Today, we are announcing the availability of Claude 3 Haiku on Amazon Bedrock. The Claude 3 Haiku foundation model is the fastest and most compact model of the Claude 3 family, designed for near-instant responsiveness and seamless generative artificial intelligence (AI) experiences that mimic human interactions. For example, it can read a data-dense research paper on arXiv (~10k tokens) with charts and graphs in less than three seconds.

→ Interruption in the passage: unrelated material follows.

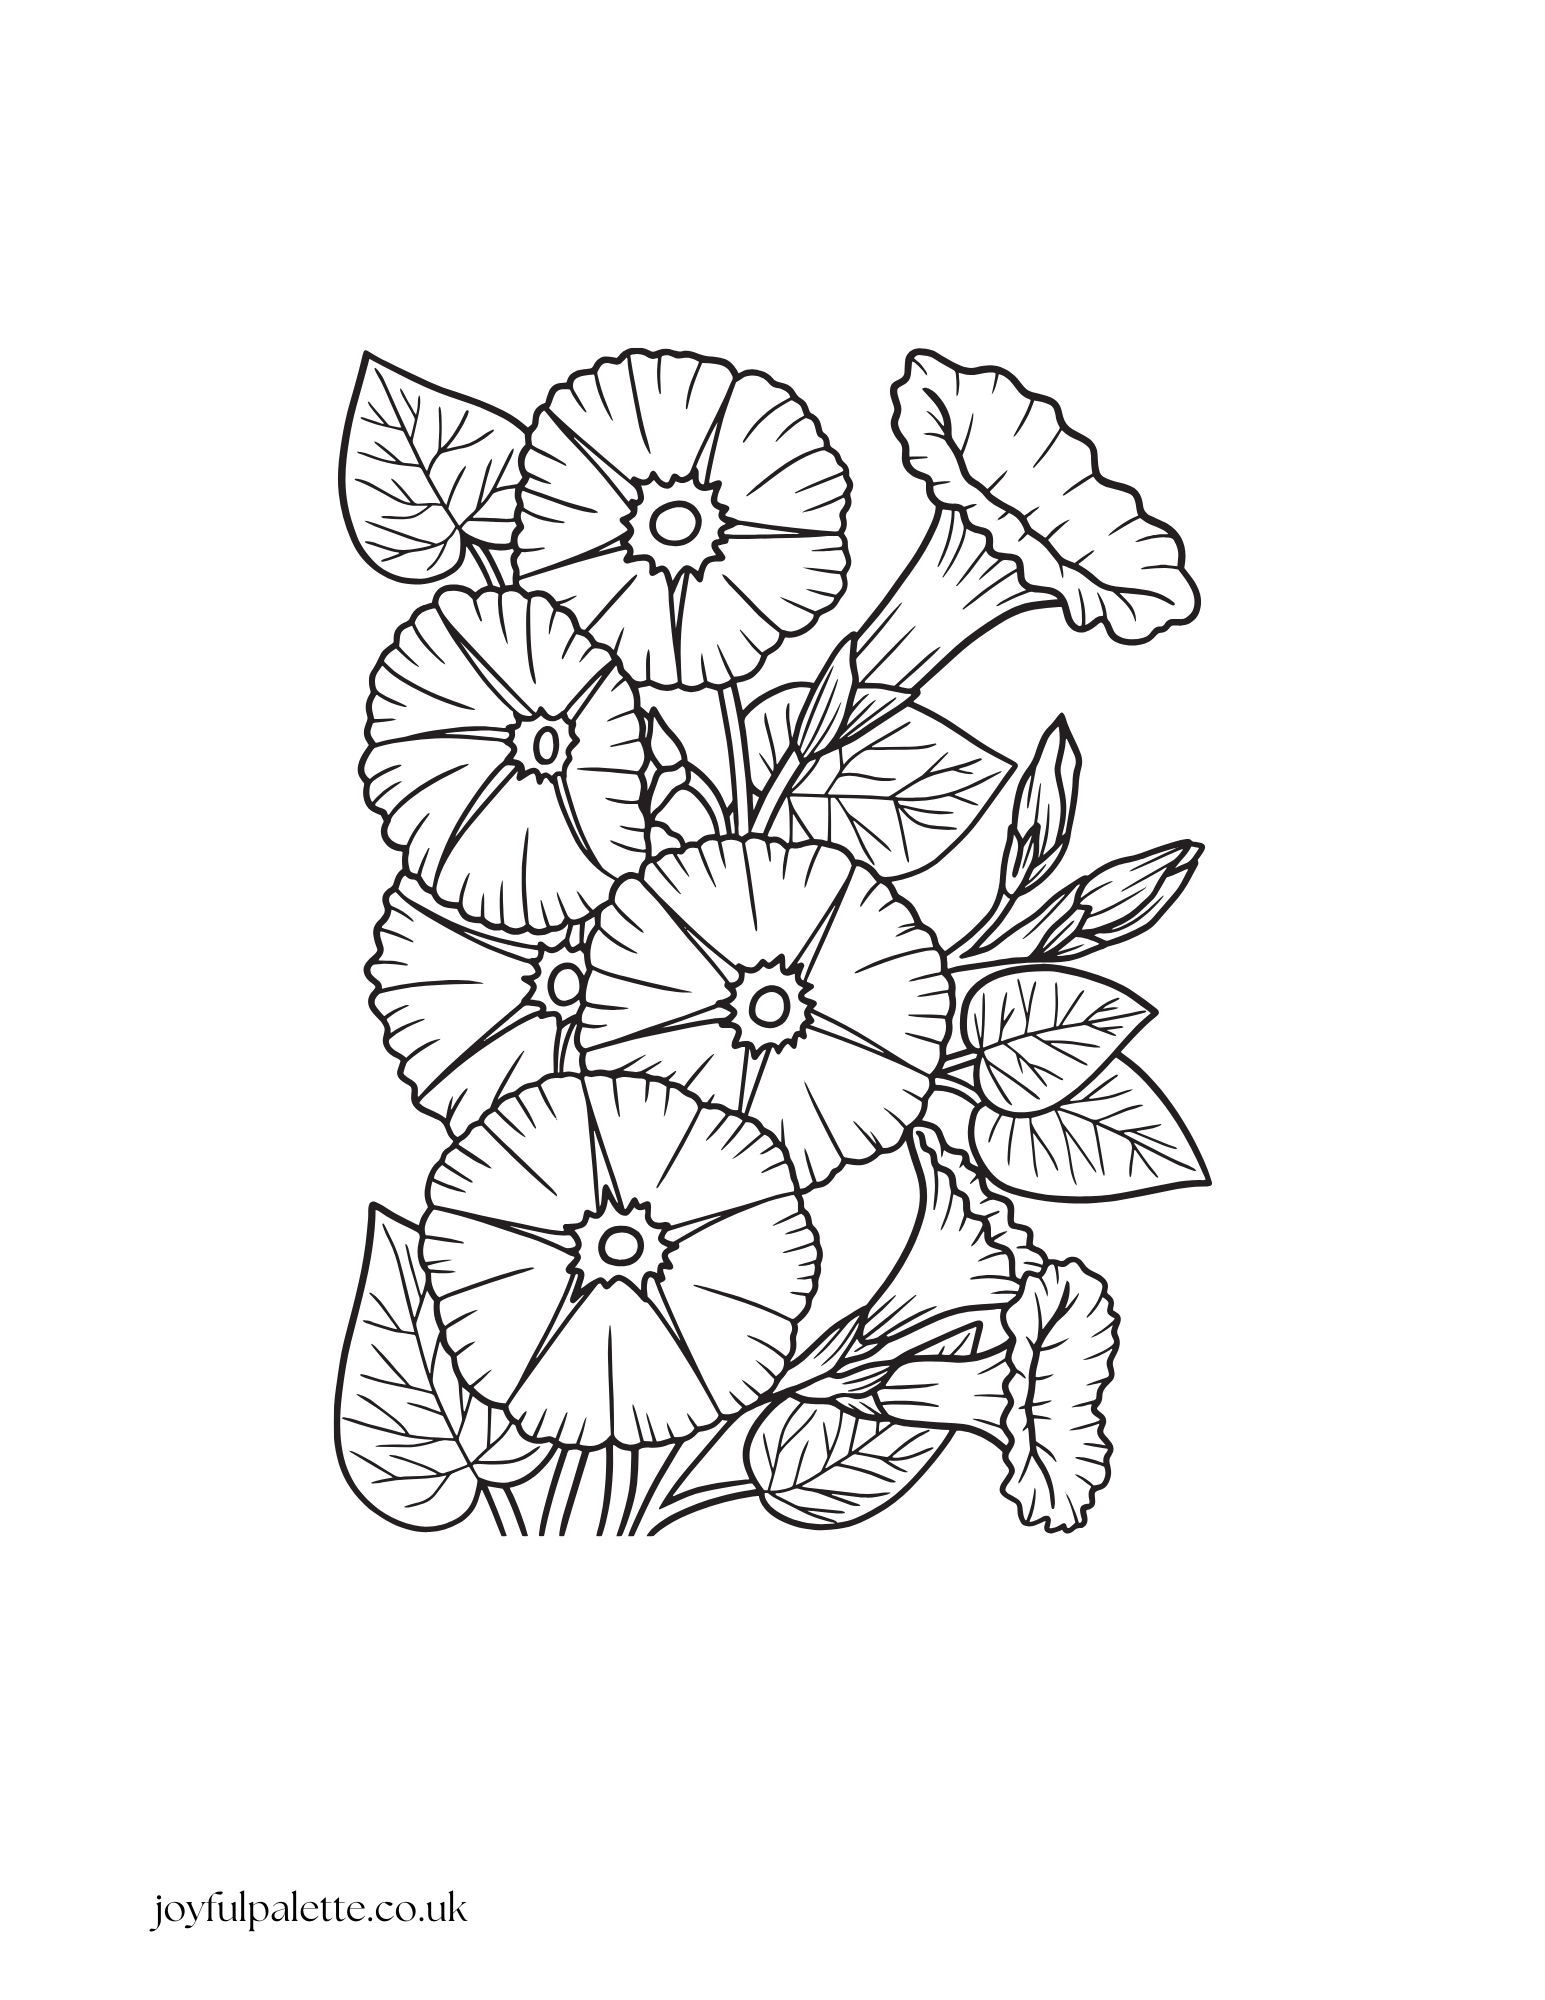  Flower Coloring Page PDF

With Claude 3 Haiku’s availability on Amazon Bedrock, you can build near-instant responsive generative AI applications for enterprises that need quick and accurate targeted performance. Like Sonnet and Opus, Haiku has image-to-text vision capabilities, can understand multiple languages besides English, and boasts increased steerability in a 200k context window.

Claude 3 Haiku use cases
Claude 3 Haiku is smarter, faster, and more affordable than other models in its intelligence category. It answers simple queries and requests with unmatched speed. With its fast speed and increased steerability, you can create AI experiences that seamlessly imitate human interactions.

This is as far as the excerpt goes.